GPS serves as a guide for first recognizing life’s struggles, the “personal storms,” and then approaching them in a healthy and proactive way. This is accomplished by employing three methods: giving all we have, doing the right thing, and helping someone. Coyle crafts these simple guidelines into a manner of living.
The most hands-on, interactive portion of the book comes in a chapter on the establishment of one’s core values, which are “deep seated beliefs, ethics, and morals” meant to provide context to build a life around. Coyle uses his years of experience to guide people through the process of developing these personal values for themselves.
These exercises consist of hypothetical situations that include how to use one’s newfound core values to handle the loss of a loved one, homelessness, or terminal illness. It’s a pleasantly effective and well-crafted way to ground people in the face of adversity.
One of the book’s greatest strengths is its candor about the inevitable difficulties present in every life. This approachable manner is reflected in crisp and succinct prose that gives the book a conversational tone. Coyle’s experience comes across as he shares technical advice like “don’t lose your character while you are trying to build your reputation,” “don’t sacrifice your family for your career,” and “don’t sacrifice your personal core values for the values of the world,” but the nature of the book remains personable and relatable, with universal statements that use “us” and “our.”
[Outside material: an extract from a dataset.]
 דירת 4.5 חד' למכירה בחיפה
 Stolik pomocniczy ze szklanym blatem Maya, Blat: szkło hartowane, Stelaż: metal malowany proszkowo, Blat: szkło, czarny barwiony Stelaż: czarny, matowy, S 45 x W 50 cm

Coyle is honest about his own past struggles throughout the work, which keeps the advice from feeling preachy or out of touch. He took an attempted suicide at nineteen and a divorce that resulted in single parenthood and turned them into a lifetime of helping others deal with trauma, as evidenced in the personal anecdotes sprinkled amid the broad guidance offered.
The book is structured in an innovative yet easy-to-read format, with the first half chronicling the nine steps to navigating life’s storms, and the second offering “Tools 4 Life.” These tips make up a handy, fifty-part guide “to keep us safe and productive on the road” of life.
While some of the tools are cliché, they are delivered with sincerity, so that adages like “big ears are better than a big mouth” and “if you want change, become it” are genuinely helpful. The advice is paired with fresh explanations and anecdotes, which are emblematic of why the book works despite the initial lack of novelty. The help in GPS is, above all, thoughtful commentary offered from a place of awareness and understanding.
GPS is a versatile book that proves useful in a multitude of hardships. Coyle’s years of experience with traumatic intervention result in a guide through hardships that is at once accessible and practical.